Да, ради свидания с Бируни Ибн Сина мог бы поехать и в Газну. Не страшат ни трудности дороги, ни неизвестность. Но султан Махмуд! Но клятва — не видеть его никогда!..
У подножия холма показался человек, ведущий за уздечку мула. Он заметил Ибн Сину, стал подниматься к нему. Ибн Сина, не желая ни с кем встречаться, быстро зашагал по тропинке вниз.
— Эй, дервиш, куда заспешил? — крикнул человек.
Видно было: встречи и разговора не избежать.
— Ассалам алейкум!
— Ва-алейкум ассалам!
Весь обросший седыми волосами, длинноносый, с запавшими не то от голода, не то от болезни глазами, старик был одет в шаровары и рубаху, сшитые из лоскутков, изодранные чарыки на ногах подвязаны шнурками. Из мешков, перекинутых через спину мула, выглядывали глиняный кувшин, а с другой
стороны — тыквенный сосуд для воды. Видно, был этот старик водоносом.Водонос на мгновение застыл, пристально вглядываясь в Ибн Сину ввалившимися своими глазами:
— Чего шатаешься, дервиш? Ежли голоден, иди вон в тот кишлак или к нам, в рабат. Да и поработал бы, чем так попусту ходить и клянчить на пропитание.

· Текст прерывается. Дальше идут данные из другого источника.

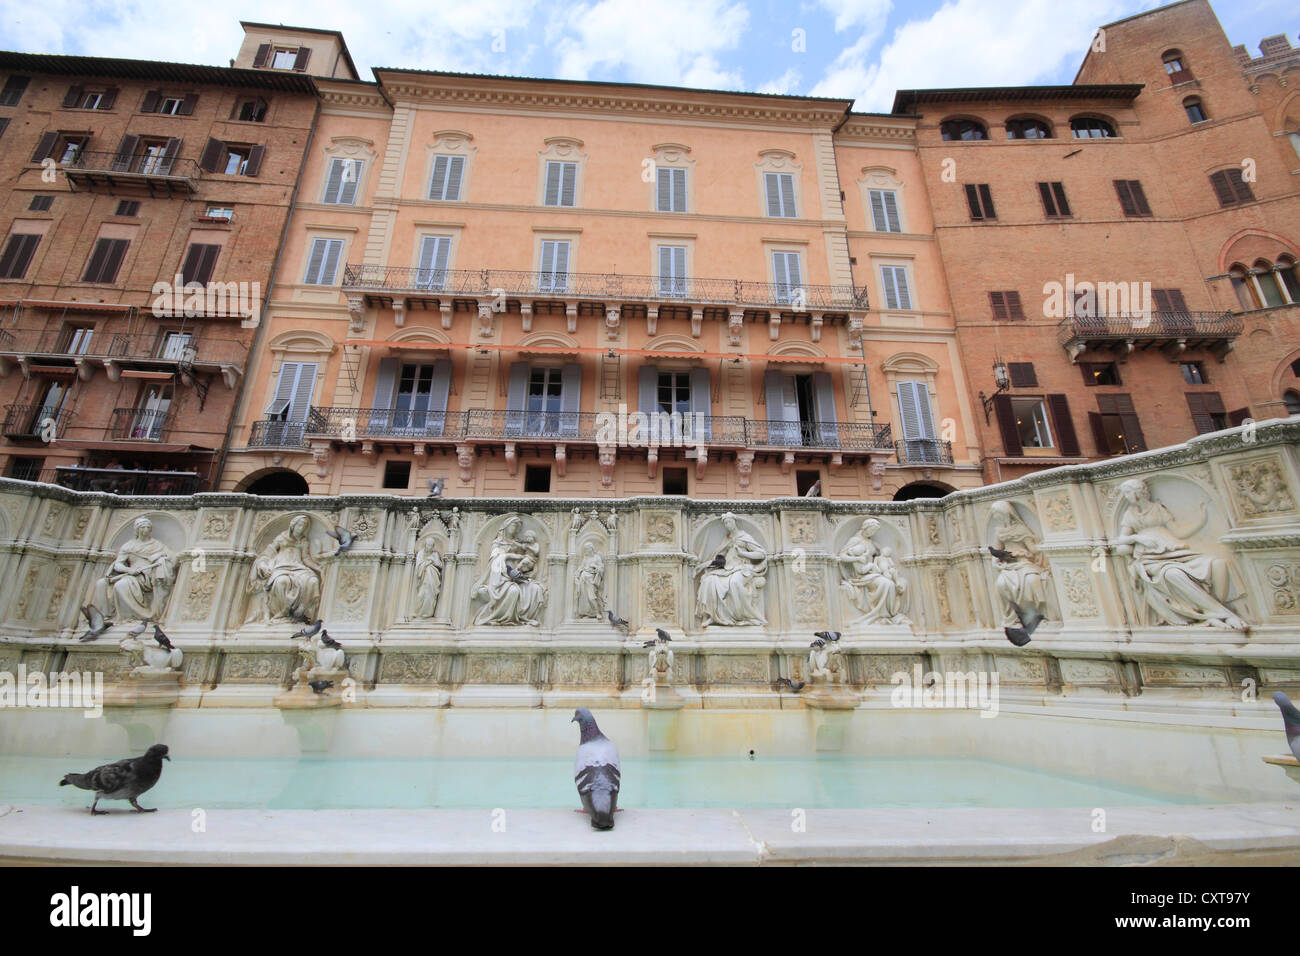 Fonte Gaia fountain, Piazza del Campo square, Siena, Italy, Europe Stock Photo

Седой, оборванный старик напоминал кого-то… Но кого, кого? Ибн Сину охватило неясное волнение.
— Что же делать, раб аллаха? Так мне, видать, на роду написано, — сказал он первое, что пришло в голову.
Водонос, услышав голос Ибн Сины, как-то странно встрепенулся, немного отступил назад. Прошептал: «О аллах! Может ли это быть?»
— Ежли нищенство надоело, дервиш, иди в наш караван. Будешь погонщиком верблюдов. И на одежду заработаешь, и на хлеб насущный.
— Какой караван?
— Большой. Из Исфахана в Бухару идет… вон там, в рабате, стоит…
— В Бухару, говоришь?
— В Бухару, Бухару, говорю… А что, есть на свете невежды, не слыхавшие про священную Бухару? Все стороны света — все знают благословенную Бухару!.. Говорю, иди-ка с нами: и сыт будешь, и дело, угодное аллаху, сделаешь.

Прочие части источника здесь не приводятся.